Upon receipt of the notice, it is open to the person to submit his representation and in wake of sub-section (9) of Section 73, the proper officer shall after considering the representation, if any, made by the person chargeable with tax, determine the amount of tax, interest and a penalty equivalent to ten percent of tax or ten thousand rupees, whichever is higher, due from such persons and issue an order.

7. The aforesaid provision, read along with Rule 142 of the CGST Rules, 2017, which has prescribed the format of the notice and order of demand, payable under the Act, definitely has not been followed. The procedure contemplated under Section 73 of the Act is therefore clearly set out contemplating a show cause notice to be issued as to why the amount should not be paid by the person, who has either not paid the tax or the tax paid is less or erroneously refunded or who has availed the input tax credit or utilised the same, and after affording an opportunity, to make a representation the proper officer shall determine the amount of tax along with the interest and penalty, due from such a person by issuing an order.

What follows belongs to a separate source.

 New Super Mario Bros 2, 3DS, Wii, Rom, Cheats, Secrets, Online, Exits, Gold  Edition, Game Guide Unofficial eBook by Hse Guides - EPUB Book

Admittedly, the aforesaid procedure as contemplated is not availed into as it is evident that the notices which are issued by the petitioner are not in the form of show cause as neither the amount has been specified in the notice nor it is clearly indicative that a particular amount shall be liable to be recovered from the petitioner as the amount which was already availed by way of refund.

8. The perusal of the impugned order dated 10.07.2024 clearly contain an inference drawn by the officer, without any indication in the previous notices issued to the petitioner about the amount of refund that has been claimed and it being subjected to interest and penalty at what rate. The officer has arrived at a conclusion on the basis of the bill entry submitted by the petitioner, that during the tax period of claim of refund he had taken the benefit of the Notification dated 13.10.2017 and therefore wrongfully claimed the refund of Rs.6,88,11,571/- which is in contravention with Rule 96(10) of the CGST Rules, 2017.

Had the petitioner being issued a show cause notice as contemplated under sub-section (1) of Section 73, and determination of this show cause notice pursuant to the representation/stand adopted by the petitioner, all the issues pertaining to the applicability of Rule 96(10) of the CGST Rules 2017 would have been open for consideration by the concerned officer. However, since the impugned order has straight away drawn a conclusion that the petitioner had wrongly availed refund, which is liable to be recovered from it along with interest and penalty under Section 74 of the CGST Act 2017, in absence of adhering to the procedure prescribed under the Act of 2017 to be read along with Rules 2017, we are satisfied that the necessary procedure to be followed before the demand is raised and the recovery is ordered, has not been adhered with.

11. Ms Asha Desai, learned Senior Standing Counsel representing the Revenue does not dispute the factual aspect of the matter and she also does not dispute the legal position that if a statute prescribes a particular thing to be done in a particular manner then it has to be done only in that manner and in no other way.

12. In the wake of the aforesaid without touching into the other issues which are raised in the petition particularly the validity of Rule 96(10) of the CGST Rules, 2017 as well as its applicability in the case of the petitioner and by keeping this issue open, we quash and set aside the impugned order dated 10.07.2024 by giving liberty to the Revenue to follow the procedure under Sections 73 and 74 of the Act of 2017, to be initiated by the issuance of show cause notice pursuant to which the petitioner shall be afforded with an opportunity to submit its representation, which shall be subjected to adjudication by the proper officer in accordance with law.

Writ Petition is allowed in the above terms.